*YOUR INSTRUCTIONS*.
All of the listing is to be written out word for word, with the pictures left out.

*EXERCISE DATA*.
■ ■ ■ ■ ■
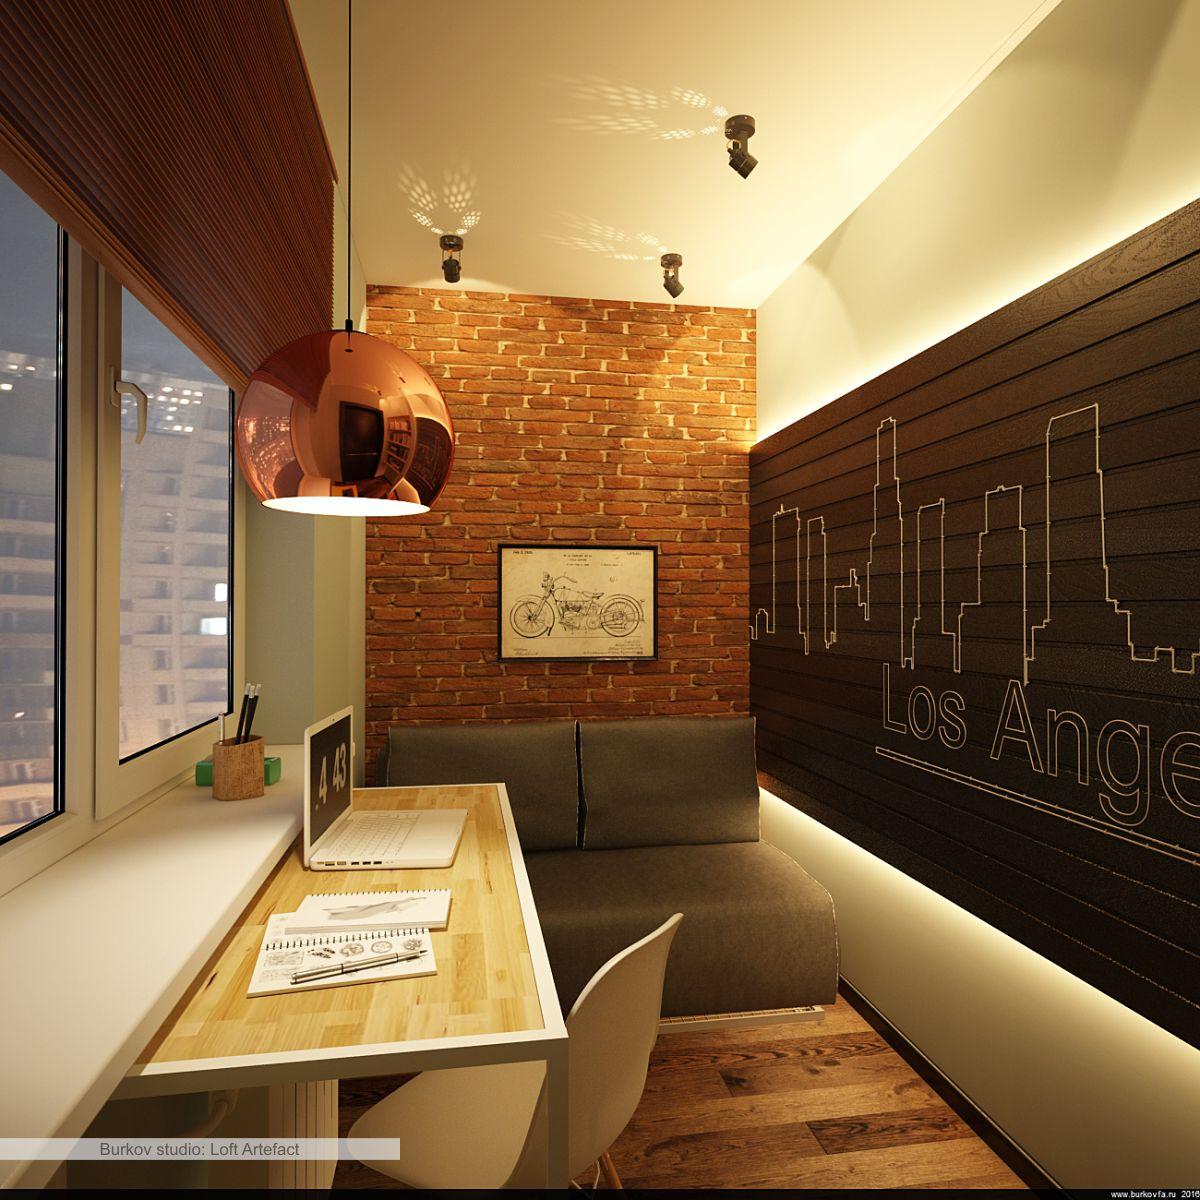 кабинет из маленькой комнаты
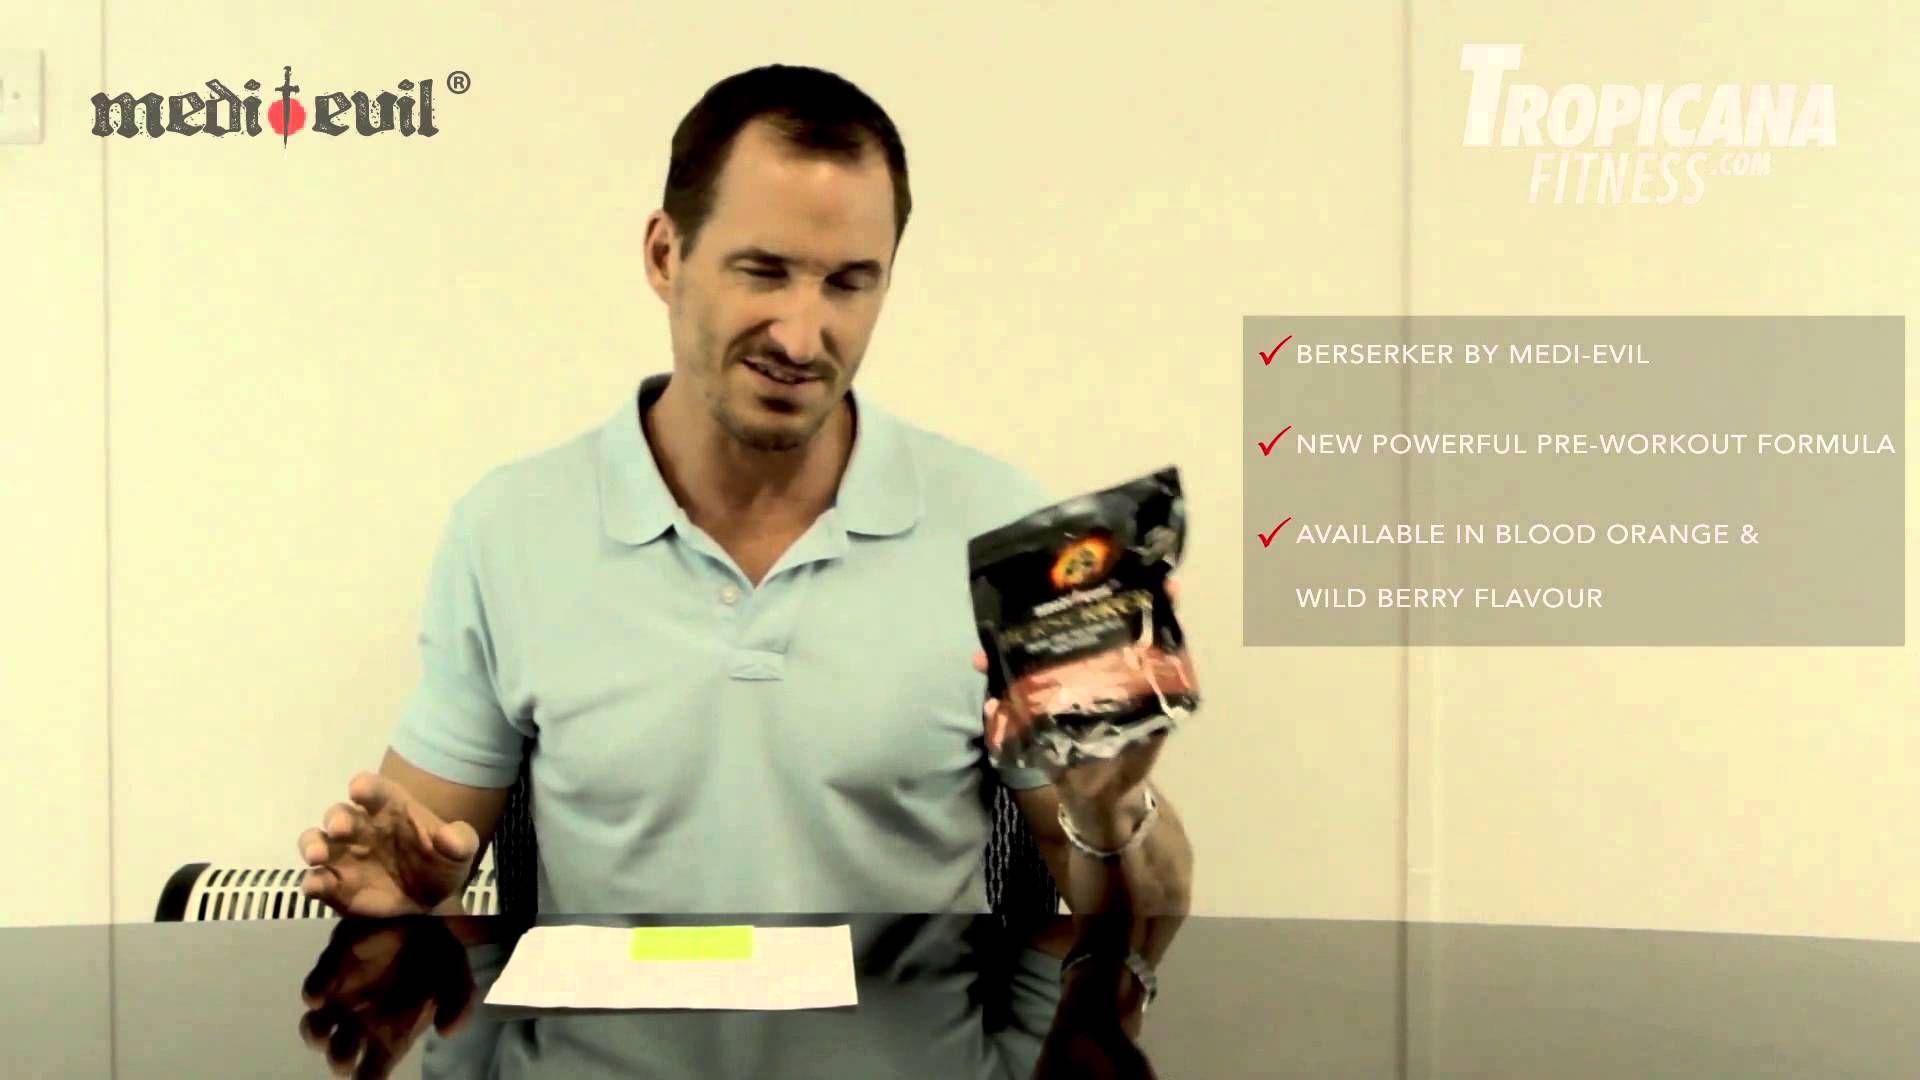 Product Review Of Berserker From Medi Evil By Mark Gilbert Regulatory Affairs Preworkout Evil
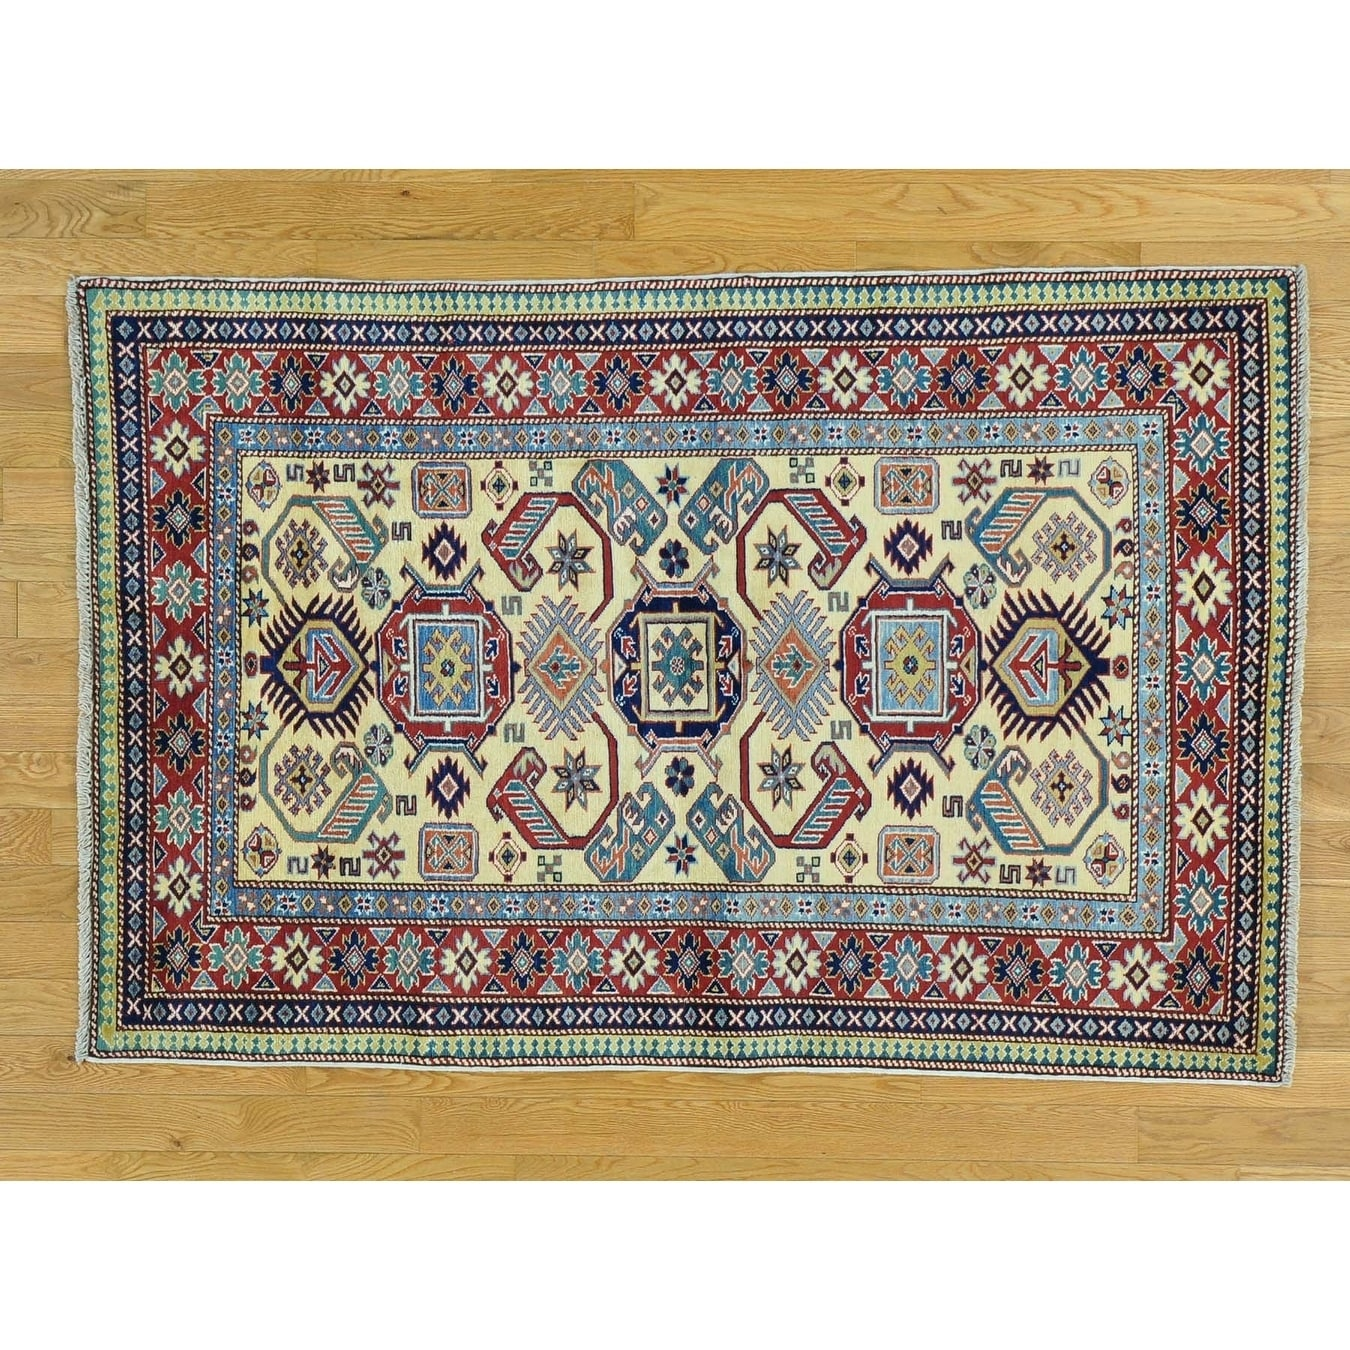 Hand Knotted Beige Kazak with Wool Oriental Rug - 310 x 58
■ ■ ■ ■ ■
*FINISHED TASK*.
 кабинет из маленькой комнаты
 Product Review Of Berserker From Medi Evil By Mark Gilbert Regulatory Affairs Preworkout Evil
 Hand Knotted Beige Kazak with Wool Oriental Rug - 310 x 58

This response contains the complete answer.